DA CONTADINI A PRODUTTORI


Paesaggi dell'Italia rurale tra Ottocento e Novecento

Perché si fotografano i contadini? Quando e perché l'occhio meccanico del fotografo inizia ad occuparsi del mondo dei campi e dei suoi abitanti? Non si può dire che i contadini siano un soggetto raro o curioso, dal momento che nelle campagne o del lavoro dei campi vive una parte preponderante della popolazione italiana dell'Ottocento e della prima metà dei Novecento. Bisogna ricordare che il contadino è una fìgura sociale che nella storia è stata continuamente derisa, «svillaneggiata», dall'arte e dalla letteratura. Riguardo al mondo dei contadini non vi è nell'arte italiana dei secoli tra il Medioevo e il Rinascimento niente di paragonabile alle rappresentazioni che ci ha lasciato la pittura fiamminga o tedesca. È stato soprattutto nel secondo dopoguerra che il mondo rurale italiano è entrato in una fase di irreversibili e drastiche mutazioni: pittori, fotografi e cineasti traggono ispirazione artistica dai volti segnati da secoli di fatica e di stenti dei lavoratori dei campi, delle mondariso, dei braccianti del Sud. Qualche decennio prima, il ruralismo di regime aveva alimentato un'iconografia del mondo dei campi del tutto deformante e idilliaca, ben lontana dalla realtà che le stesse indagini promosse dall'Istituto nazionale di economia agraria andavano in quegli anni portando alla luce.

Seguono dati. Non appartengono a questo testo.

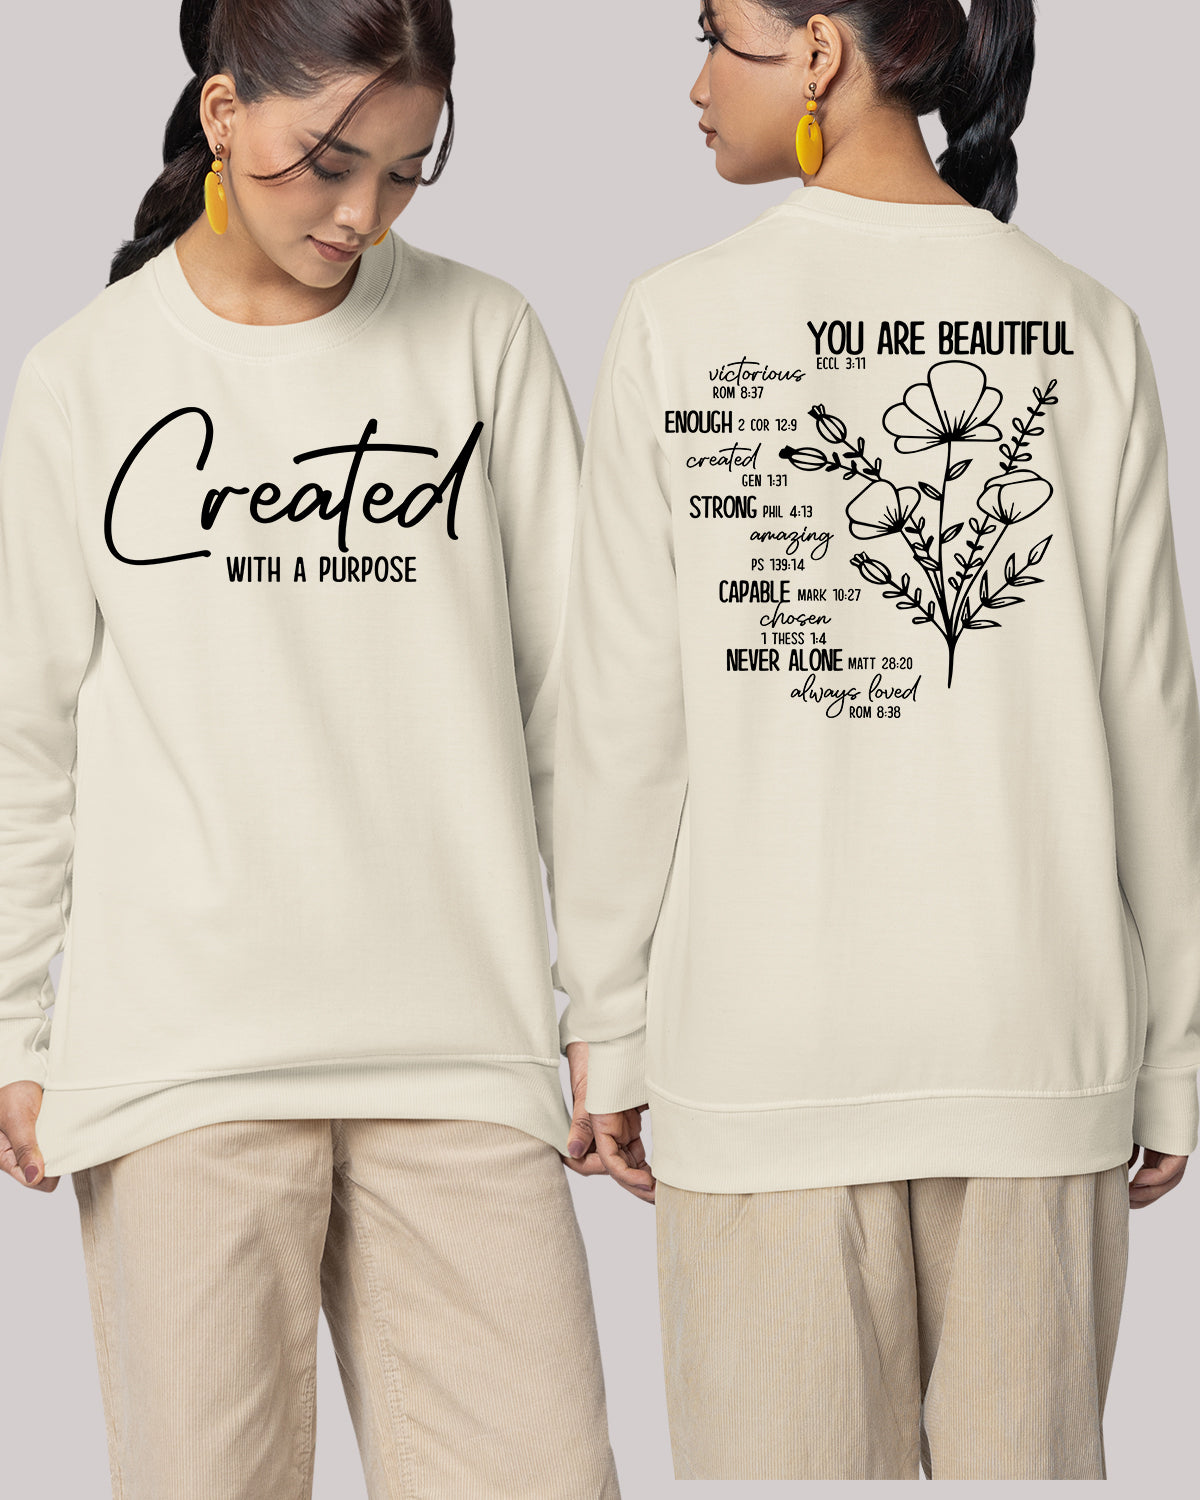 Created With A Purpose Christian Sweatshirts - Front & Back Printed

Generalmente il contadino italiano merita attenzione solo quando porta il prodotto in città, quando goffamente attraversa la cerchia delle mura e percorre le strade cittadine per conferire con il padrone o per consegnargli la parte di raccolto a lui spettante; quando giunge per pagare l'affitto o per fornire alla famiglia del proprietario le ricorrenti onoranze (uova, polli, capponi, carne di maiale, scope, ecc.). A volte la città incontra il contadino quando questi si reca dal notaio con l'abito buono per fare testamento, per comprare e vendere un bue o una vacca, per pagare debiti o per pagare le tasse. La città esige dal contadino sottomissione, servizi, forniture. Persino la miseria della città è diversa e vuole distinguersi dalla miseria delle campagne.

Il fotografo del secolo XIX inizia a vagare per le campagne mosso per lo piú dalla voglia di fissare sulla lastra paesaggi e ambienti. Il contadino resta di frequente un contorno, un accessorio del paesaggio. I nuovi orizzonti che vengono offerti all'espressione artistica dalla macchina fotografica e dalla camera oscura portano infatti i dilettanti e i primi fotografi professionisti a volgere lo sguardo sul mondo rurale che circonda la città, da cui spesso il fotografo proviene e in cui di solito vive. In qualche caso appaiono fotografi ambulanti che iniziano a percorrere borghi, villaggi e cascine, per eseguire ritratti di famiglia, un lusso che le famiglie contadine piú agiate a volte si pennettono. Forse per assomigliare in qualcosa alla famiglia del padrone, nella cui residenza fanno mostra di sé ritratti di antenati dall'austero cipiglio.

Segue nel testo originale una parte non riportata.